* [Required action]
Reproduce only the lines below from the line containing "A beautiful shot" to the line containing "Brides mother helping", exactly as written, with both end lines kept. Omit the pictures.

* [Data for the task]
****

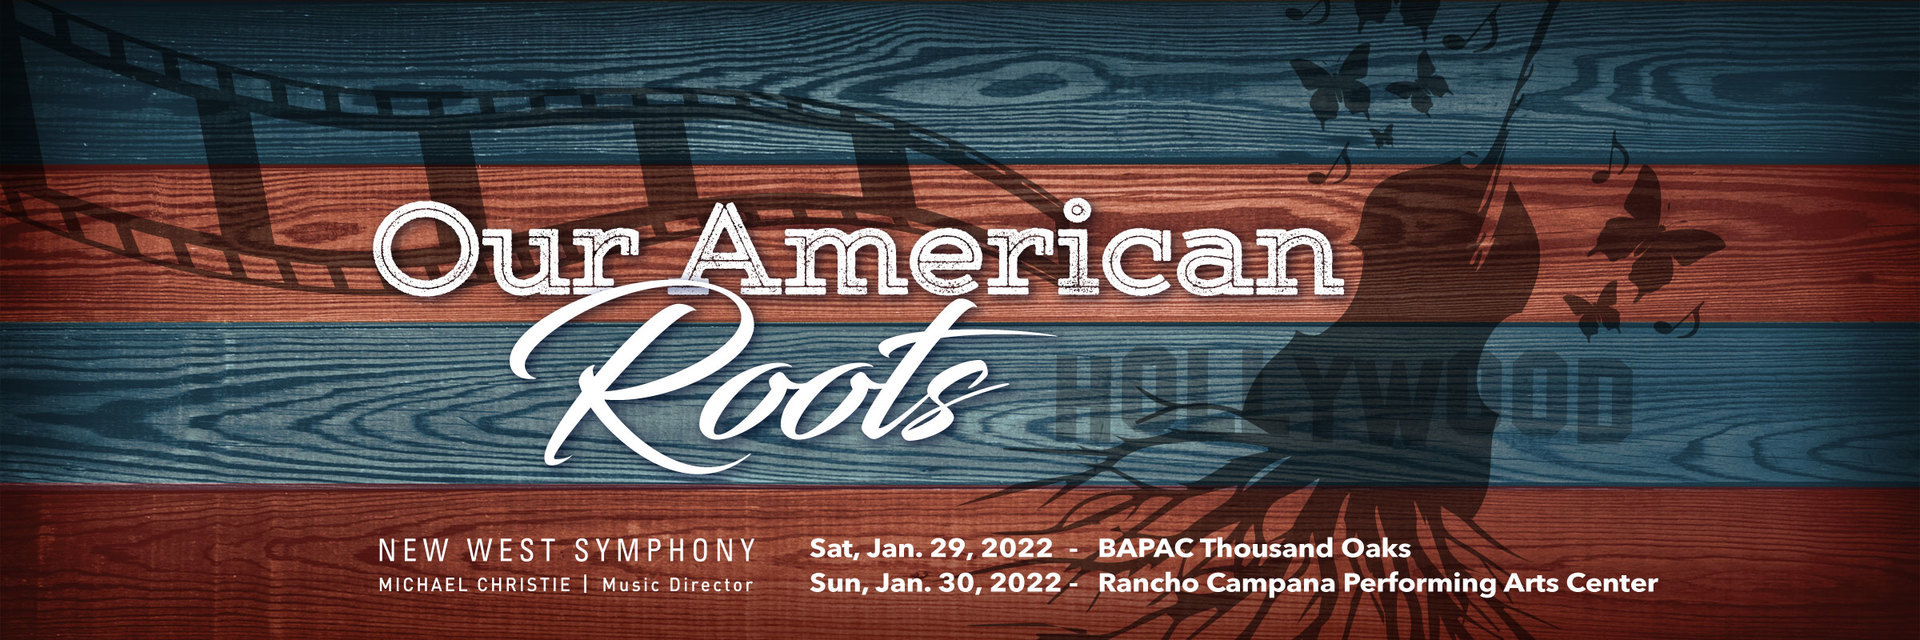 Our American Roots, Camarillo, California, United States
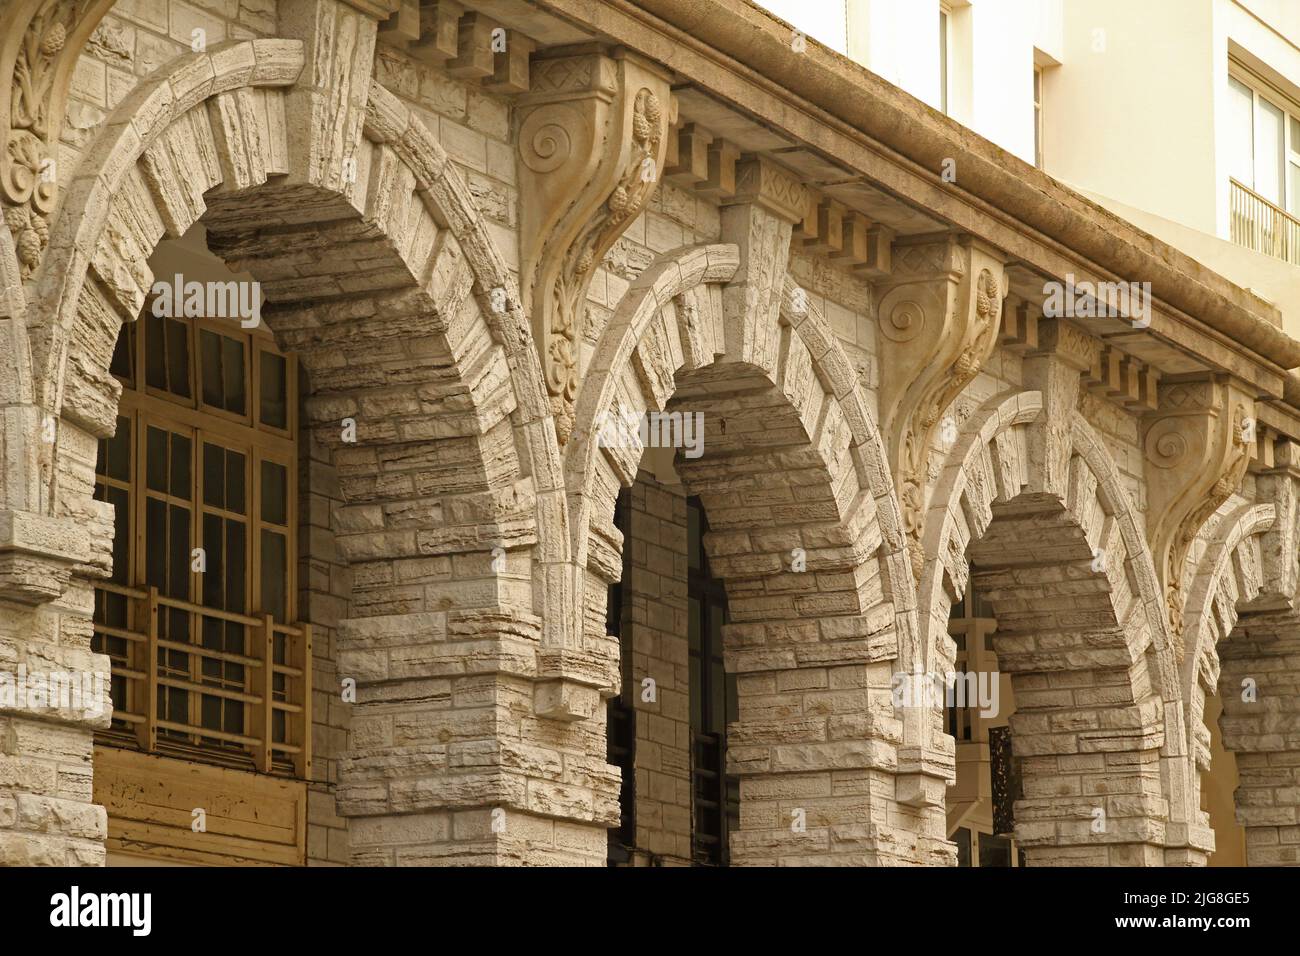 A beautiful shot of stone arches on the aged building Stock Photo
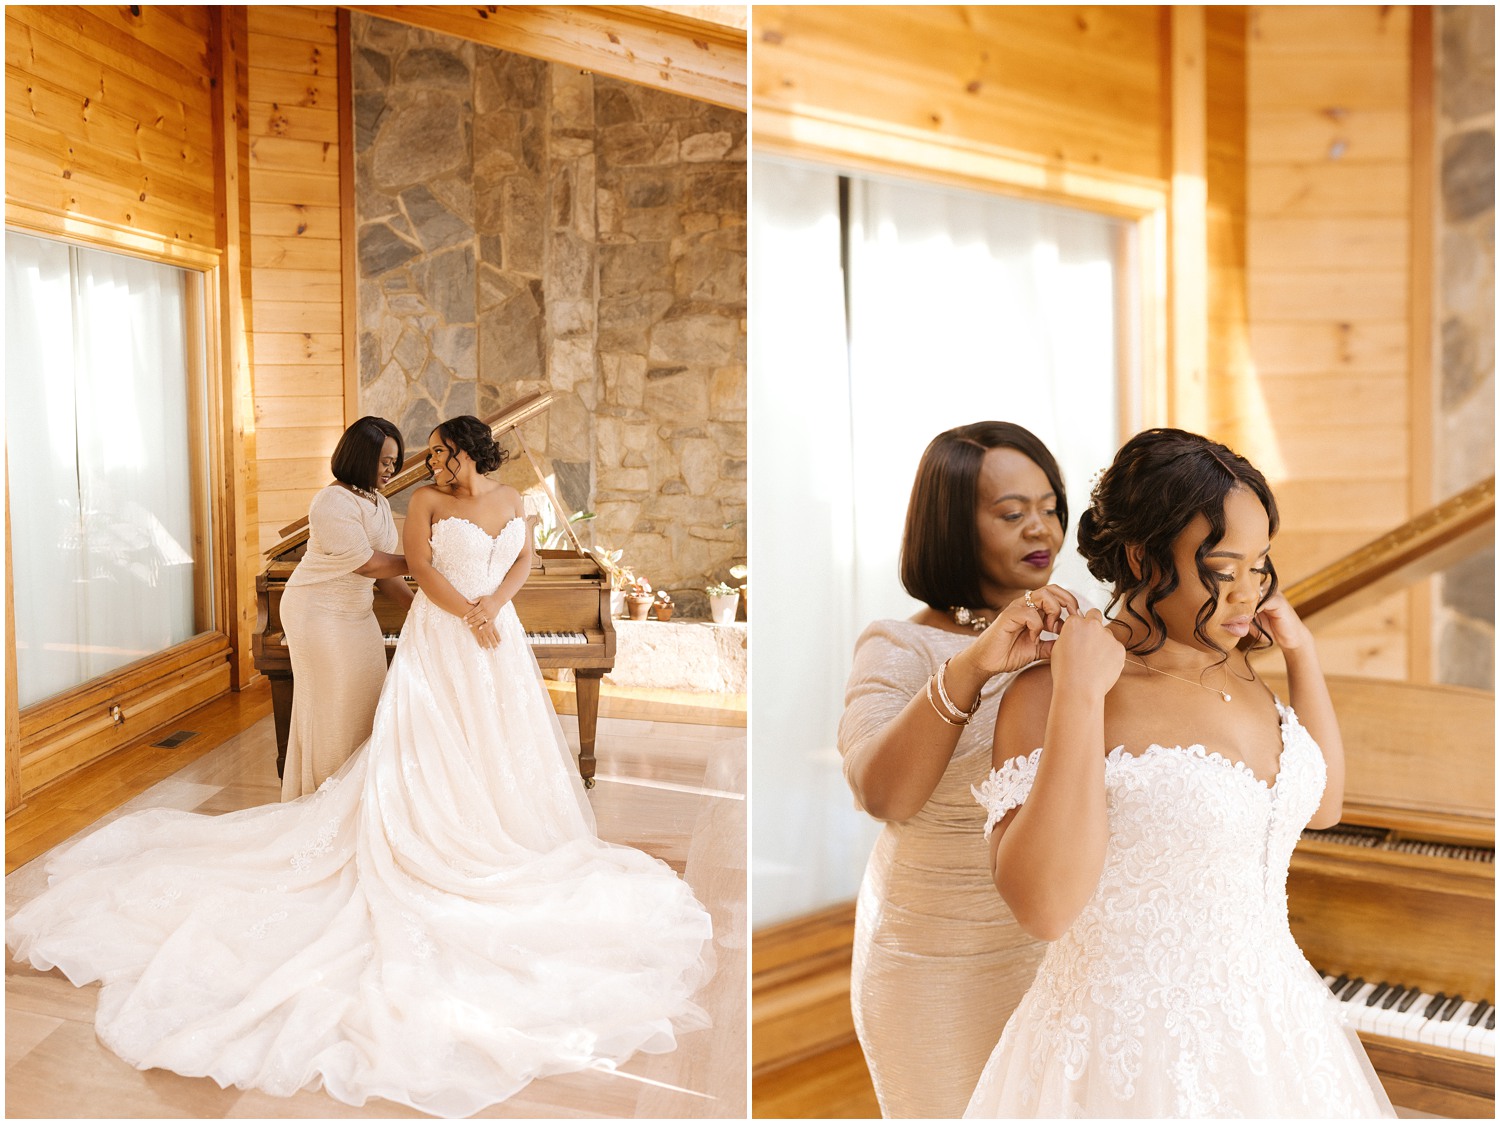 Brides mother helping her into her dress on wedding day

****

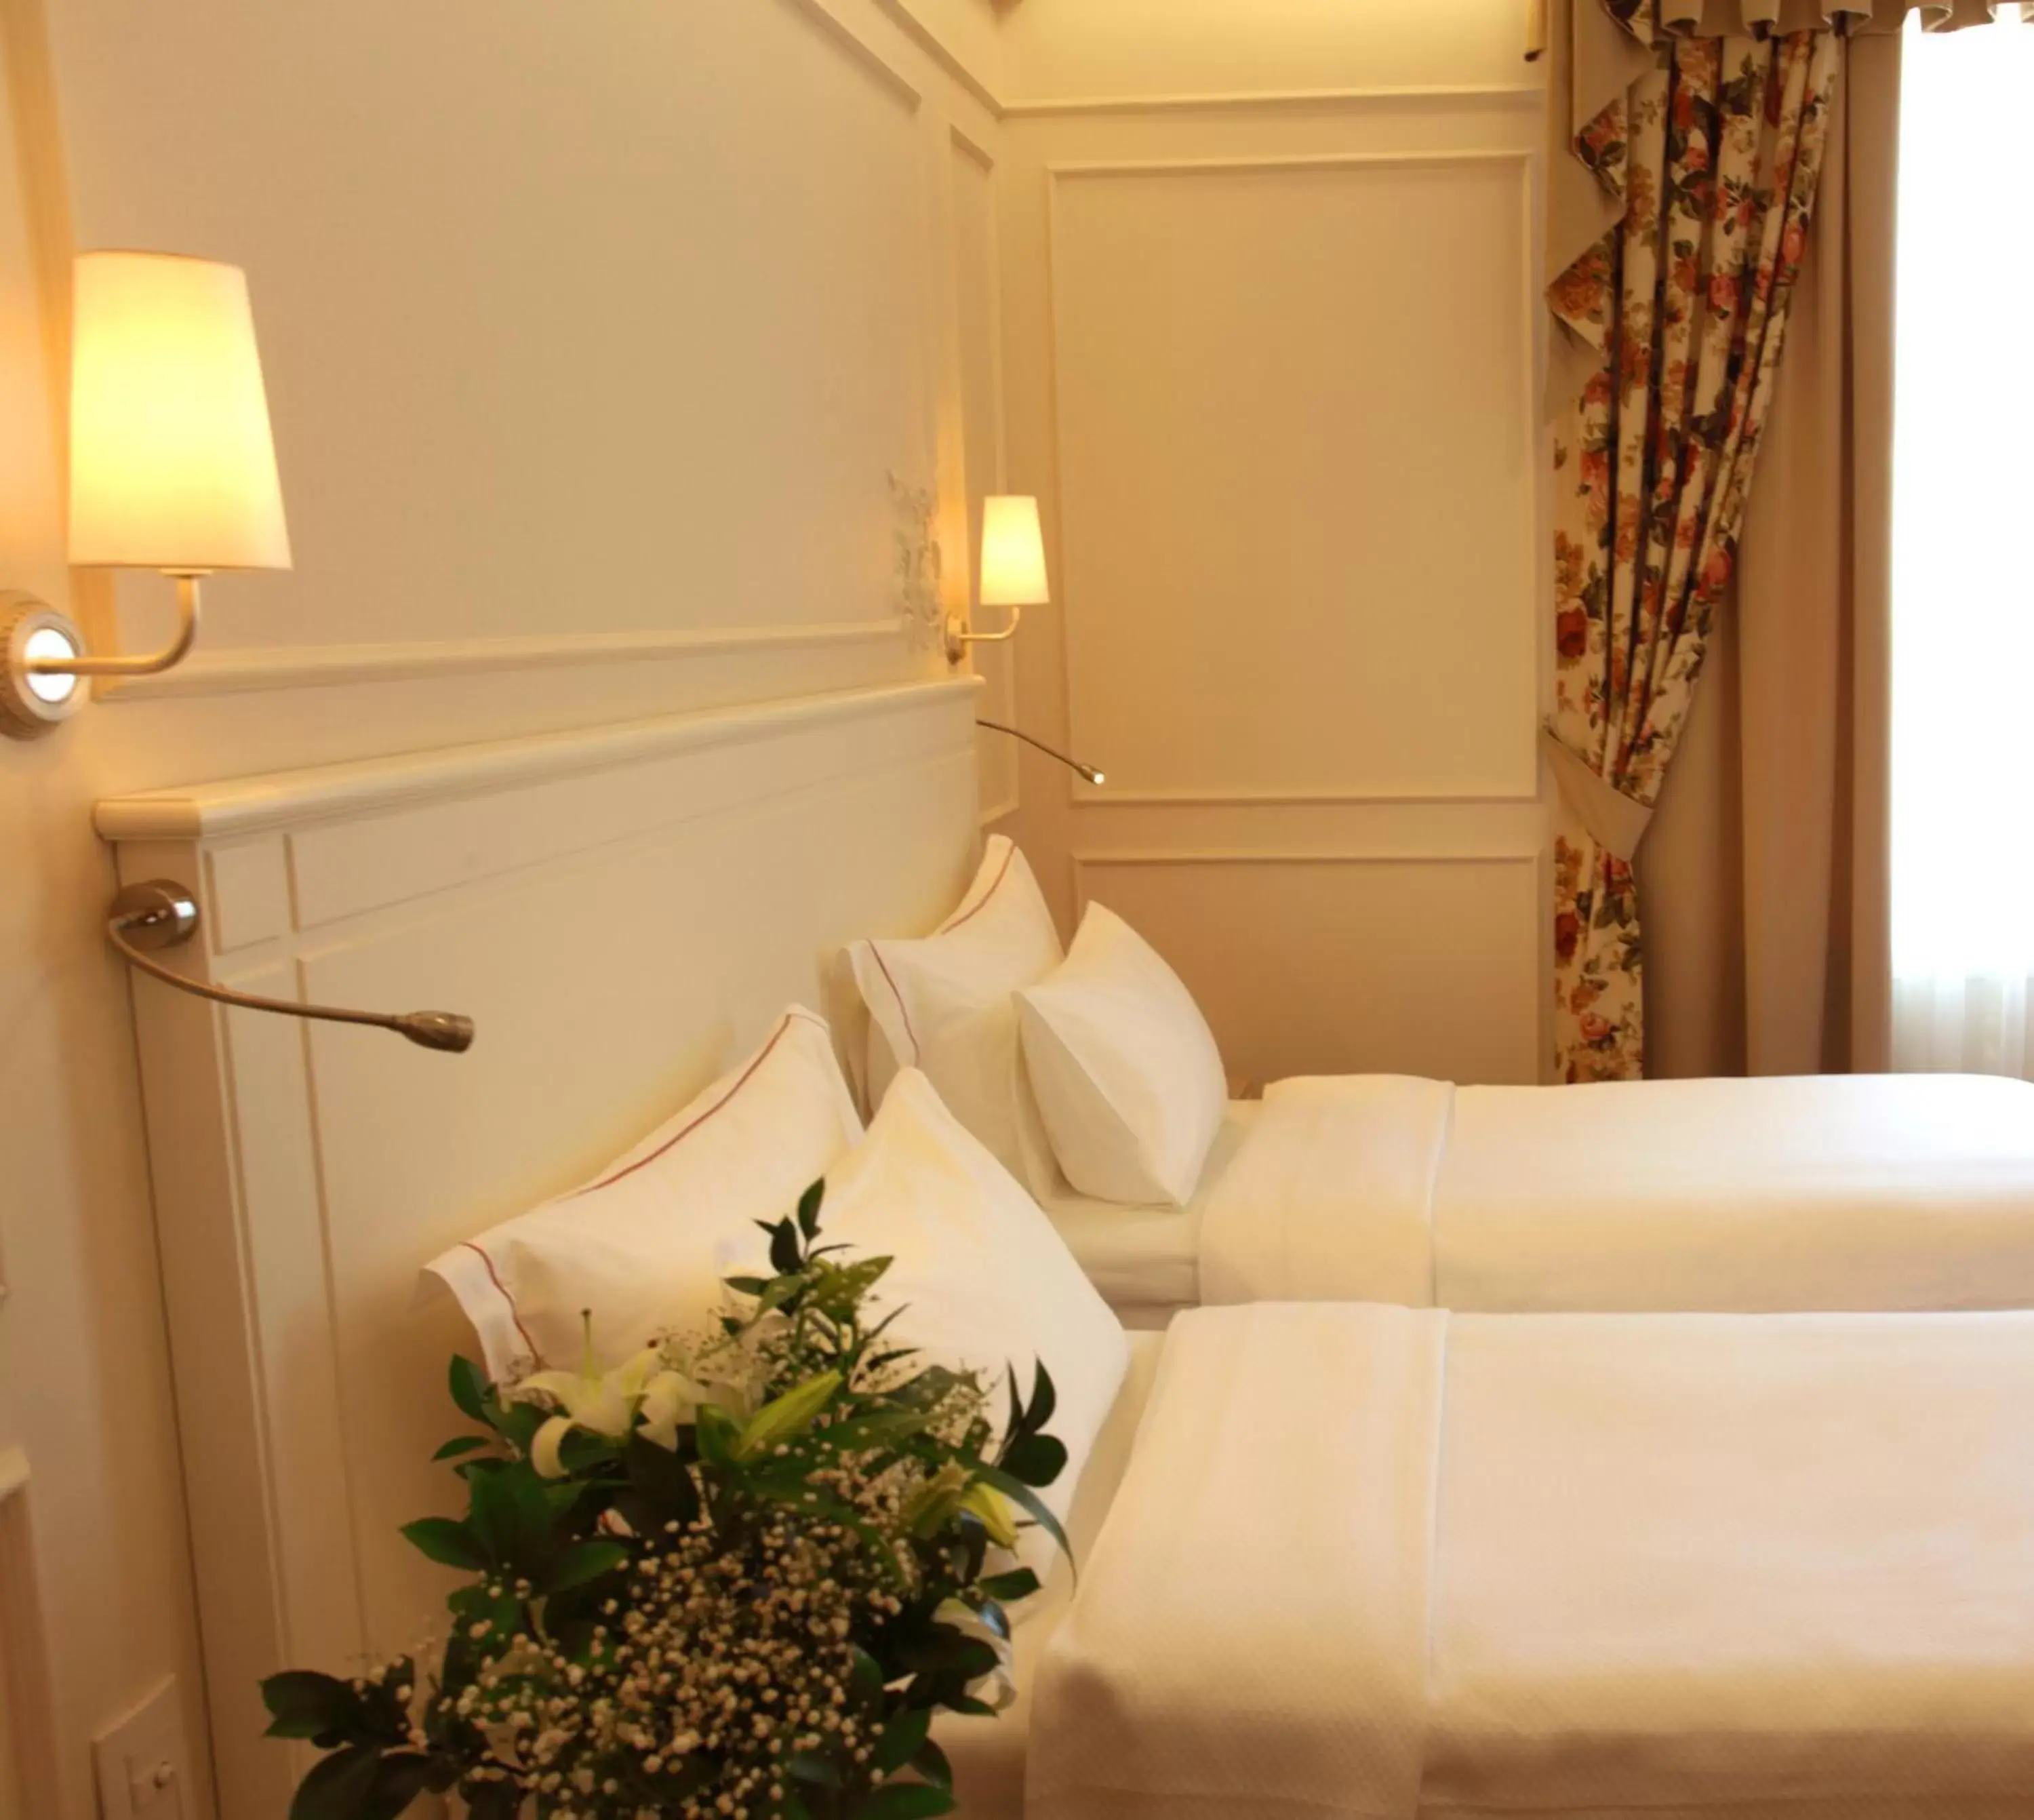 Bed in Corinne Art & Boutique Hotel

****

* [Problem solution]
 A beautiful shot of stone arches on the aged building Stock Photo
 Brides mother helping her into her dress on wedding day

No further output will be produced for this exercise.